Su acercamiento a Las Escrituras tiene muy poco cuidado con entender el texto en su contexto original. Su lectura se va más por el lado simbólico, pero con símbolos anacrónicos que meten a la Biblia para luego transportarlos a la realidad actual y buscar su aplicación mecánica de acuerdo a ciertas orientaciones teológicas esquemáticas. En no pocos de estos grupos estimulan una identificación mecánica entre el Israel contemporáneo y el de los tiempos bíblicos. Al hacerlo, exaltan toda manifestación cultural (vestimenta, instrumentos musicales, danzas, etc.) israelí para presentarla como voluntad divina para los cristianos hoy.
Los grupos neoevangélicos/neocarismáticos, mayormente los aglutinados en mega iglesias, han incorporado la casi, o a veces franca, veneración por objetos y personas que son vistos como mediadores para obtener bendiciones especiales de Dios. De ahí que se estimule a su interior la adquisición de pañuelos santos, el aceite consagrado, envío de delegaciones para que intercedan en oración por peticionarios que no pudieron hacer el viaje con el grupo para orar en el Monte Santo. También hay reuniones especiales en las que los congregantes desfilan bajo, o al lado de, objetos que los líderes dicen que son sagrados: un manto, una reproducción del Arca de la Alianza, una estrella de David, una Menorah.
Los objetos ya no son vistos como coadyuvantes en el culto, por ejemplo velas para simbolizar la luz de Dios que irradia en las tinieblas, sino como instrumentos sagrados, que en sí mismos tienen un poder especial y son imprescindibles para recibir gracia de Dios. Y si los objetos se han sacralizado en dichas prácticas, también quienes los administran son percibidos como agentes especiales sin los cuales los creyentes comunes están imposibilitados de ser bendecidos, restaurados, sanados.
La Bibliamisma pasa de ser un medio que contiene la Revelación progresiva de Dios, a ser vista como objeto sagrado que lo mismo es levantado en alabanza que usado como instrumento para tocar a las personas con el objetivo de que así serán bendecidas. Recuerdo vívidamente un encuentro con un líder de estas agrupaciones, que mayormente se niegan a ser llamadas iglesias. En cierto momento de nuestra conversación abrió su portafolios y saco de él algo envuelto en un paño lujoso. Al desenvolverlo me percaté de que el paño contenía una Biblia, con reverencia la tomó y besó su cubierta, antes de leerme un pasaje.

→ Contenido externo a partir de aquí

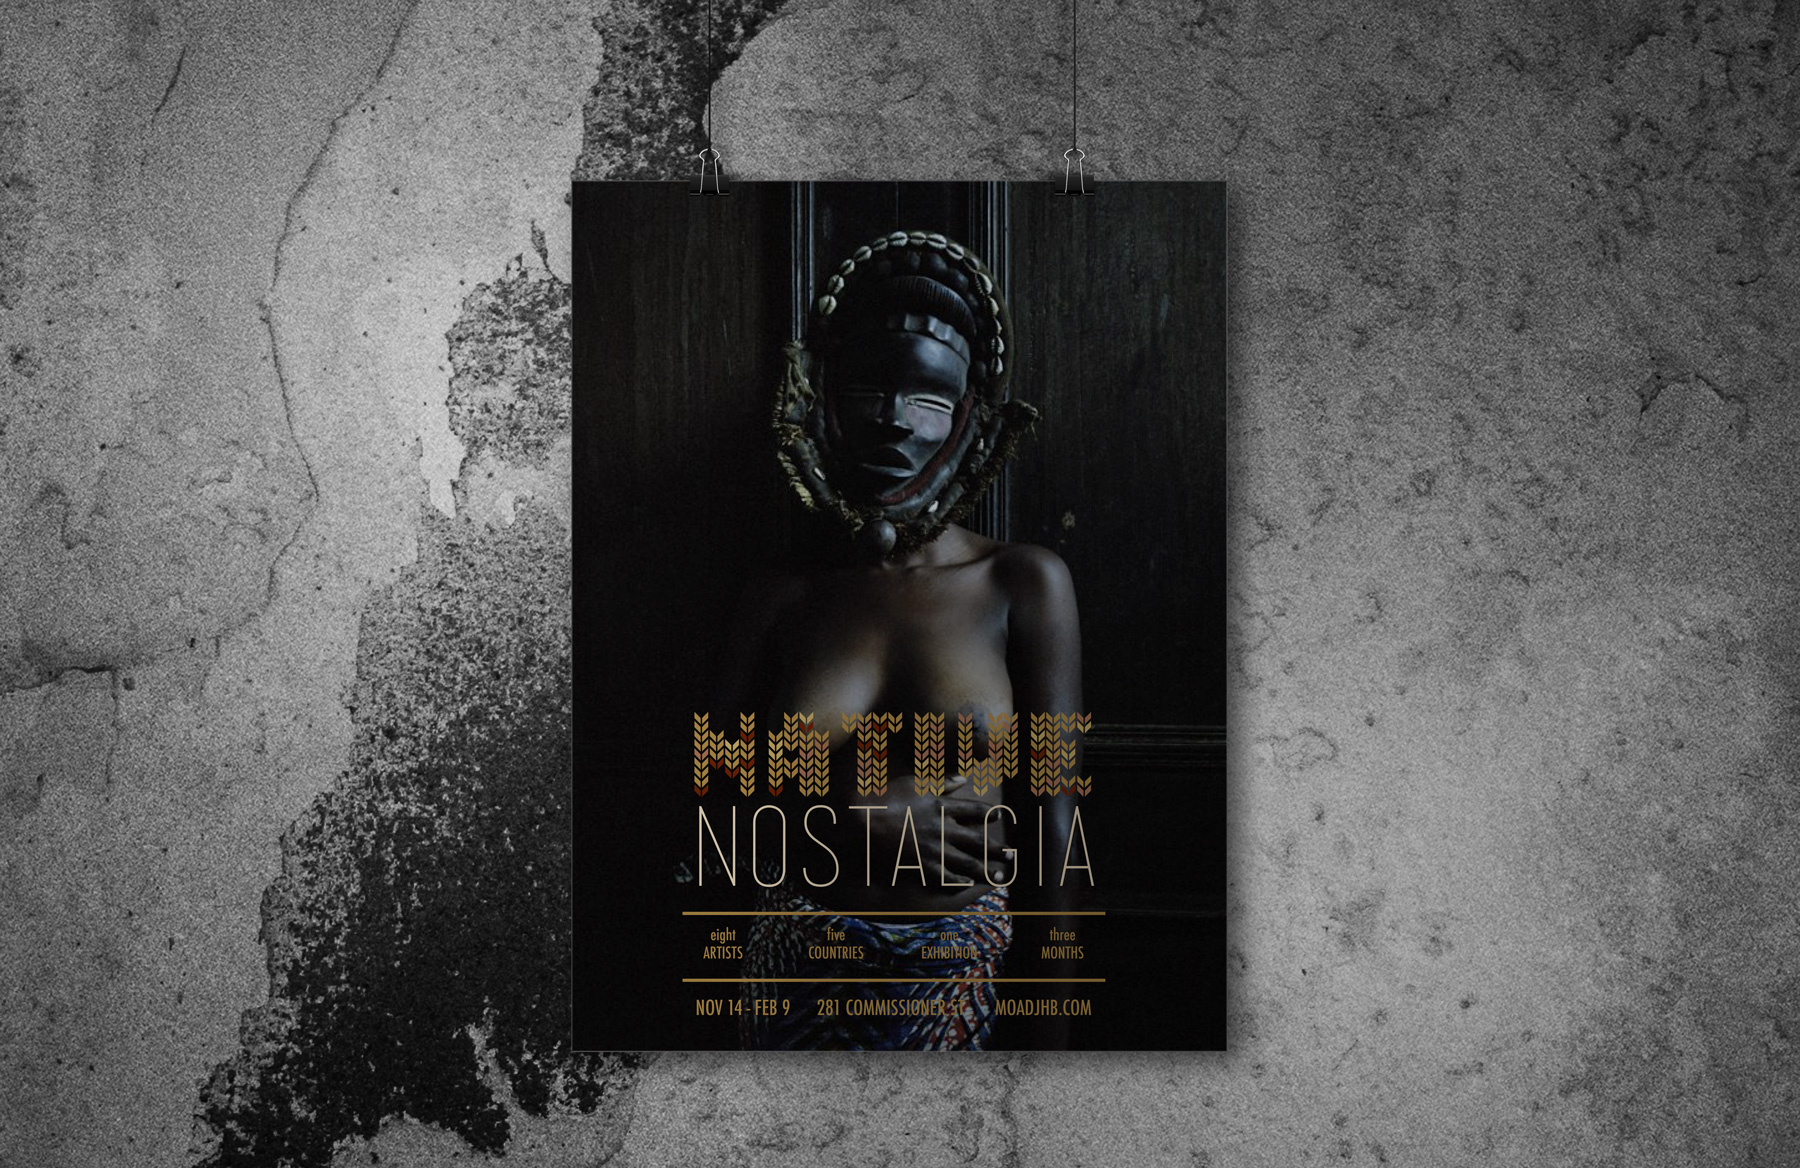 Native-nostelgia_poster_17102014
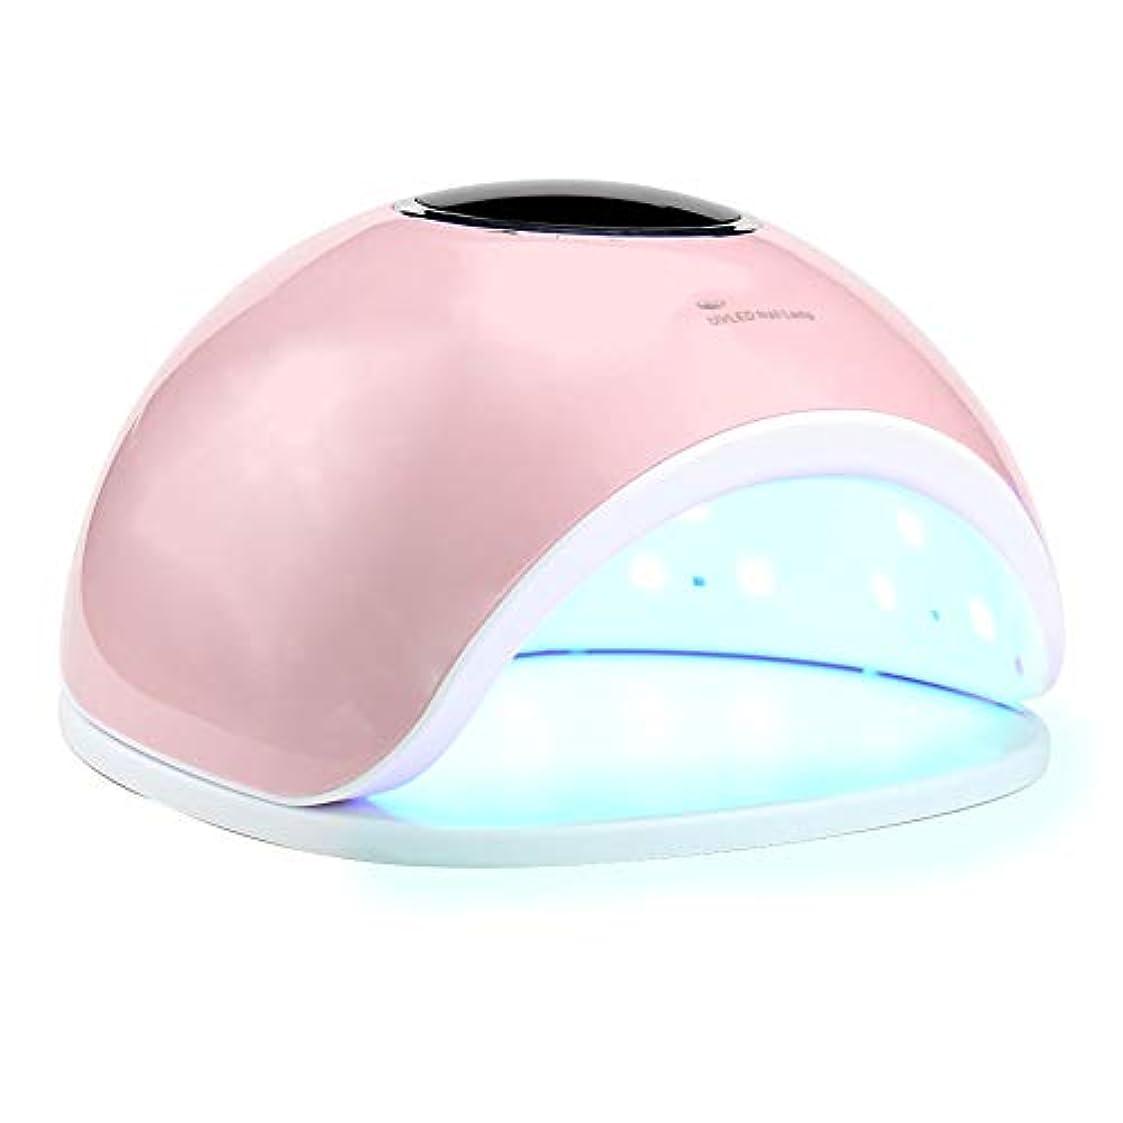 パネルオーバーヘッド不信ネイルドライヤーポータブルネイルライト - ネイル光線療法機33ランプビーズ液晶ディスプレイ無痛モード4タイミング,Pink

La sacralización de los objetos y personas, poniendo a ambos por encima del común de los demás hombres y mujeres, enfatizar que un fragmento de cierto material y/o un determinado (en el argot neocarismático) apóstol, salmista, siervo, varón es necesario para que se derrame el Espíritu, es simple y llanamente ir contra la enseñanza neotestamentaria del sacerdocio universal de los creyentes (
1 Pedro 2:9-10). En el pasaje se habla de una realidad interior (hecha posible mediante la obra de Cristo Jesús), que debe exteriorizarse para testimonio, en palabras y conducta, a los demás.
Lo exterior no es, como se lo dijo Jesús a unos fariseos y maestros de la ley, lo que corrompe (o bendice de manera instantánea) a los seres humanos. Lo que destruye a otros, y a nosotros mismos, lo que es bendición a otros, y a nosotros mismos, es lo que anida en nuestro corazón y después se convierte en acciones de uno u otro signo. Al respecto el capítulo 7 de Marcos,
versículos 1-23, es un ejemplo magistral del concepto que tenía Jesús acerca de la obsesión de los fariseos por los rituales exacerbados y la sacralidad de los objetos. Con su resurrección Jesús, entre muchas otras cosas, rasgó el velo del templo “de arriba abajo” (
Mateo 27:51), como señal de que con su sacrificio ese velo, antes íntegro, quedaba superado por su vida, muerte y victoria sobre la muerte.
Es un regreso al fariseísmo, o la construcción de un neo fariseísmo, la divinización de objetos y personas. En dicho proceso se pierde de vista lo más importante: que Cristo Jesús es la manifestación plena de Dios, y que ante tal grandeza nada es comparable ni necesario.